Перед Георгием возник памятник Петру I. Не Медный всадник, а тот, который возле Михайловского замка. «Прадеду – правнук». От Павла I, стало быть. Ничего себе, какого кругаля дал… Издалека передняя левая нога царского коня выглядит будто человеческая, одетая в высокий сапог вроде ботфорта. Известная городская история. Долго в этом искали символы и значения, подразумевали замысел зодчего… Отражает ли сие милитаристские настроения Петра? Или его фантазии? А ведь это лишь обман зрения… Или оплошность Растрелли… Или его же ехидная шутка. А может, так проявил остроумие Мартелли, отливавший монумент в бронзе? Был ли какой-то смысл в действиях всех этих людей?
Пьедестал памятника украшен двумя плитами-барельефами. С одной стороны – сцена Гангутской битвы – первой в истории победы Российского флота. Горюнов символически «подсадил» бронзового моряка в лодку. Судя по тому, насколько истёртым выглядел его зад, так поступали многие прохожие. Городская примета. Ритуал, помогающий «не утонуть», «не сесть с лужу», чтобы «море было по колено», чтобы «сухим выйти из воды». Впрочем, барельеф блестел не только здесь. Люди знали, если подержаться за шнобель лица на корме, то никто «не оставит с носом». А на противоположной стороне пьедестала, где находилось изображение Полтавской битвы, начищали ботинки Петра или Меншикова, а то и копыта лошадей. Это – для восхождение по служебной лестнице. Лоб к пеньку следовало прислонить, чтобы принять верное решение. Кстати, следов на металле последнее поверие практически не оставило. Вообще говоря, удивительно: на обоих барельефах имелись изображения ангелов, но их никто не касался…

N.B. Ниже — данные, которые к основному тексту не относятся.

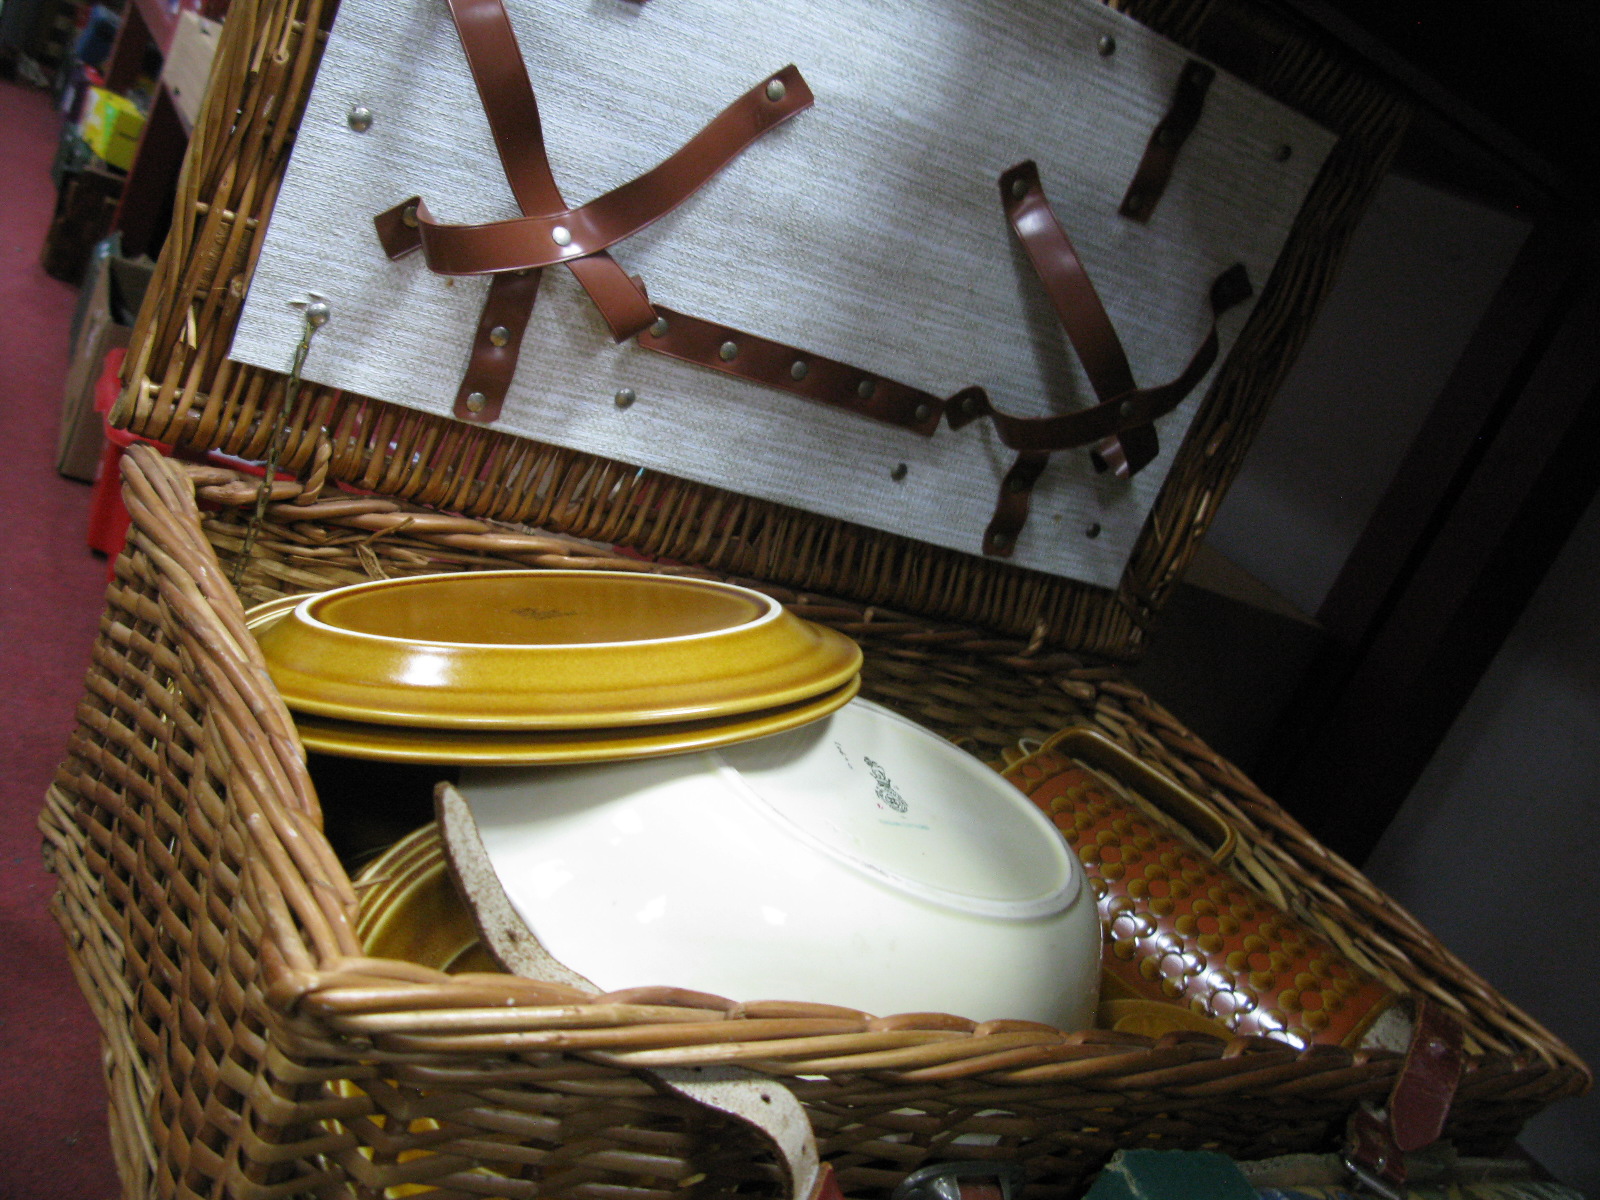 Doulton 'Saffron' Coffee Ware, Doulton English Cottages bowl, wicker hamper

Горюнову тоже не лишним было бы приложиться к пеньку, но он двинулся дальше. В голове слова плясали неритмичный пугающий данс макабр. Георгий совсем его не узнавал. Он даже не мог бы сказать, современный это танец или, наоборот, что-то ритуальное, древнее. Как же надоели вопросы без ответов…
Слова слишком важны. Им под силу дарить и отнимать жизни. Не здесь и сейчас. Потом. Или, наоборот, давно. В семье Горюнова бытовало предание, будто его прабабушку спасло одно-единственное слово. В годы войны деревню, где она жила, заняли полицаи. У них был приказ собрать всех евреев вместе и… Кого-то увести, кого-то расстрелять. Бог весть, чем они руководствовались, но внешность женщины вызывала вполне определённые подозрения – нос с горбинкой, тёмные волосы, естественная смуглость. Когда прабабушку уже вели к стенке, кто-то из коллаборационистов всё-таки усомнился… Хотя, в принципе, оснований для этого быть не могло, скорее здесь сыграла роль её красота… Так или иначе, он заметил: «Ну, какая же она жидовка?! Скажи-ка слово „кукуруза“». Сказала. Вокабула прозвучала обыкновенно, совершенно нормально в понимании полицая. «Вот! – он поднял палец. – Говорю же, никакая она не жидовка. Жидовка бы сказала: „Кюкюрюза“!» Георгий всегда помнил, если бы не слово, он бы не родился на свет.
24
Пока Горюнов ехал, эта история воспроизводилась в его голове по кругу многократно. Всякий раз, доведя её до конца, он принимался разворачивать сюжет заново, с того, как ни о чём не подозревающая прародительница идёт по деревенской улице, а на встречу ей выходят полицаи. Будто память – это такой старый музыкальный автомат с пластинками, который играет, что хочет.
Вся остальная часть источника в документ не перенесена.